- _Problem requirements_
Every line of the listing below should be written out exactly, minus its images.

- _Dataset extract_
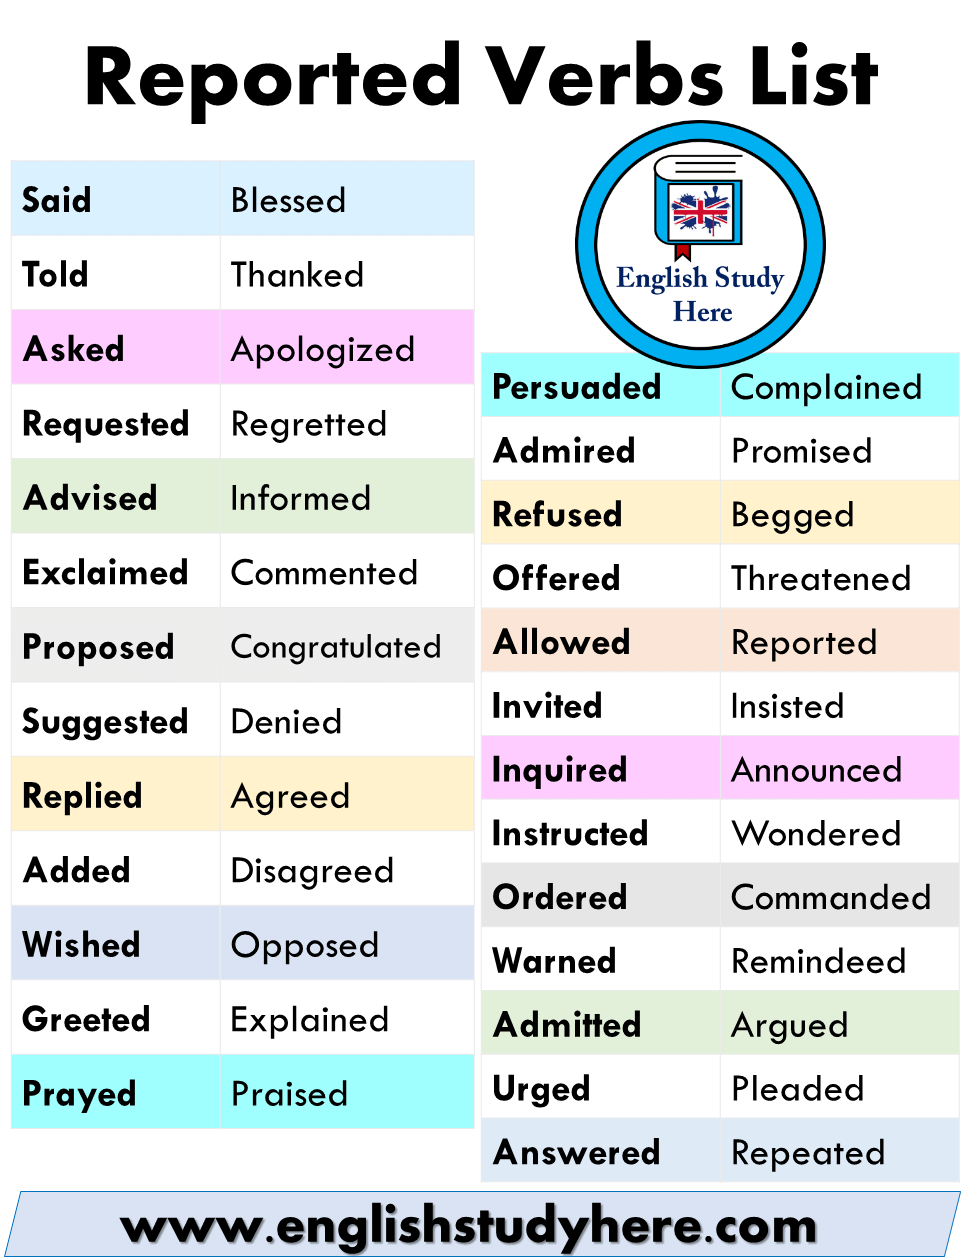 in reported speech the verb usually
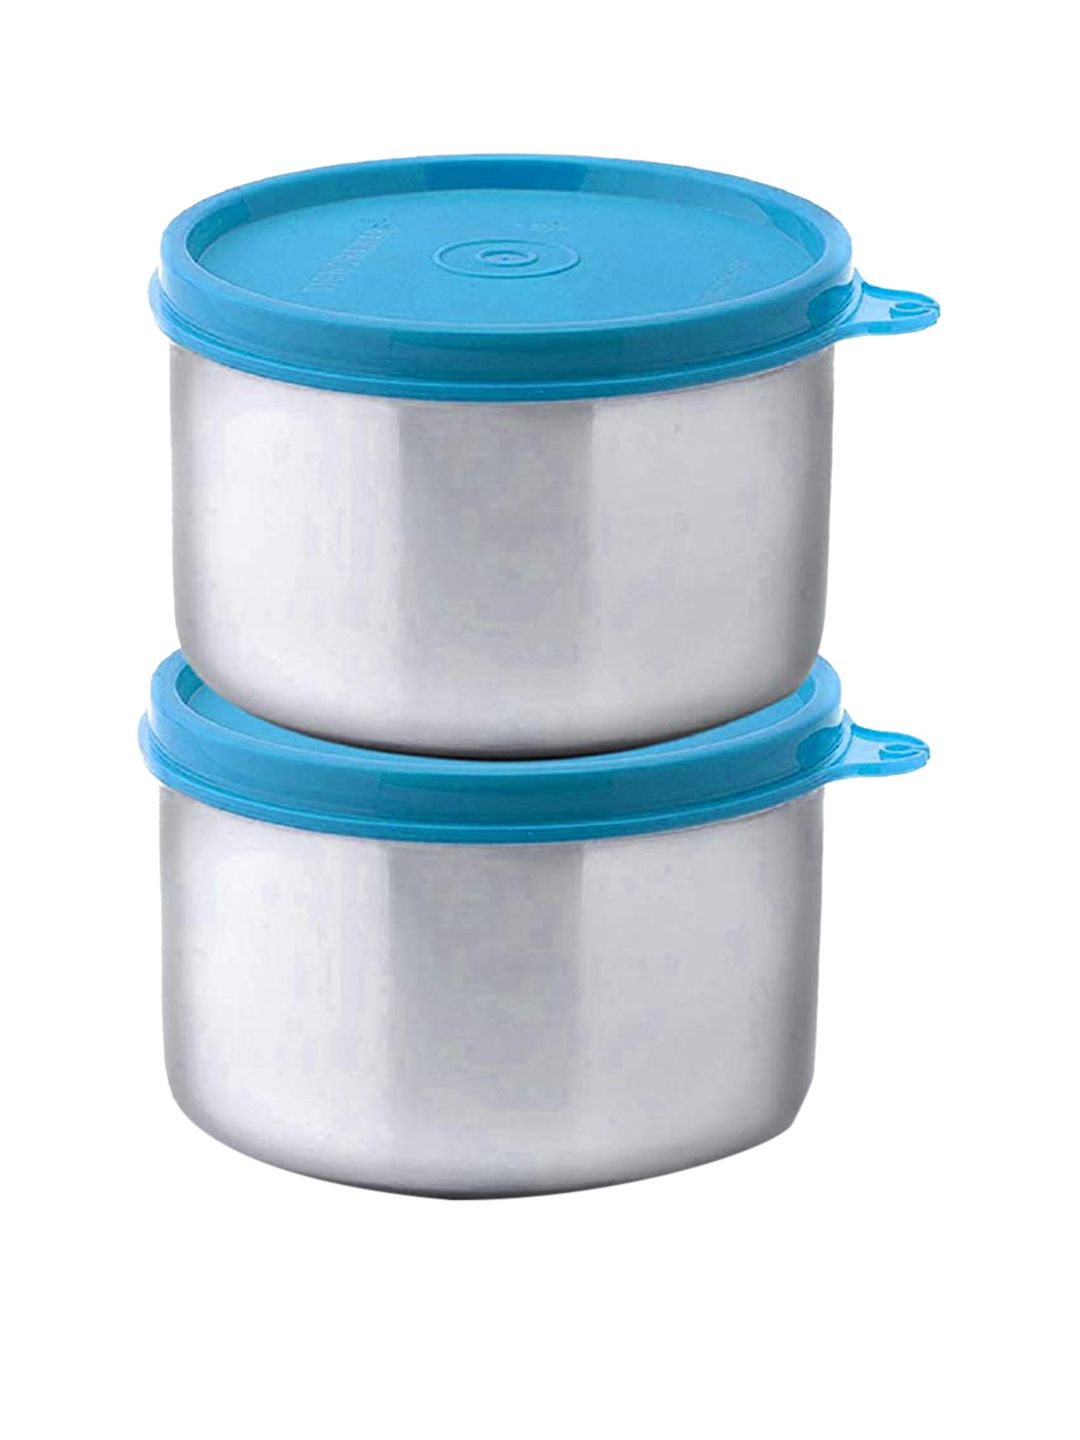 Signoraware Set Of 2 Silver-Toned & Blue Stainless Steel Container 500 ml Price in India
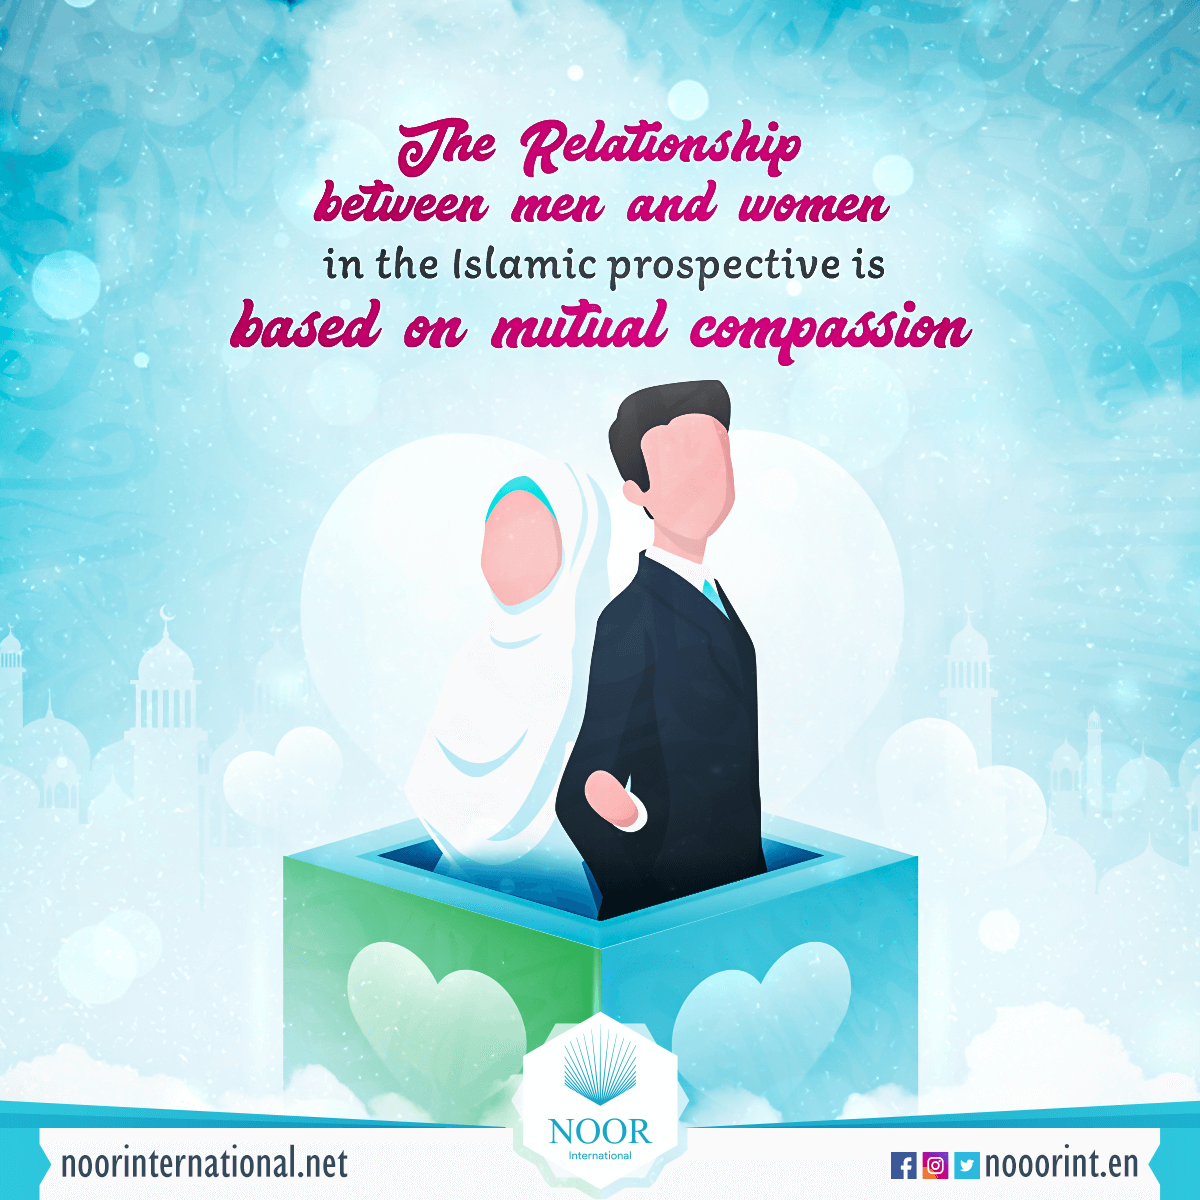 The relationship between men and women in the Islamic prospective is based on mutual compassion and mercy

- _Response to the task_
 in reported speech the verb usually
 Signoraware Set Of 2 Silver-Toned & Blue Stainless Steel Container 500 ml Price in India
 The relationship between men and women in the Islamic prospective is based on mutual compassion and mercy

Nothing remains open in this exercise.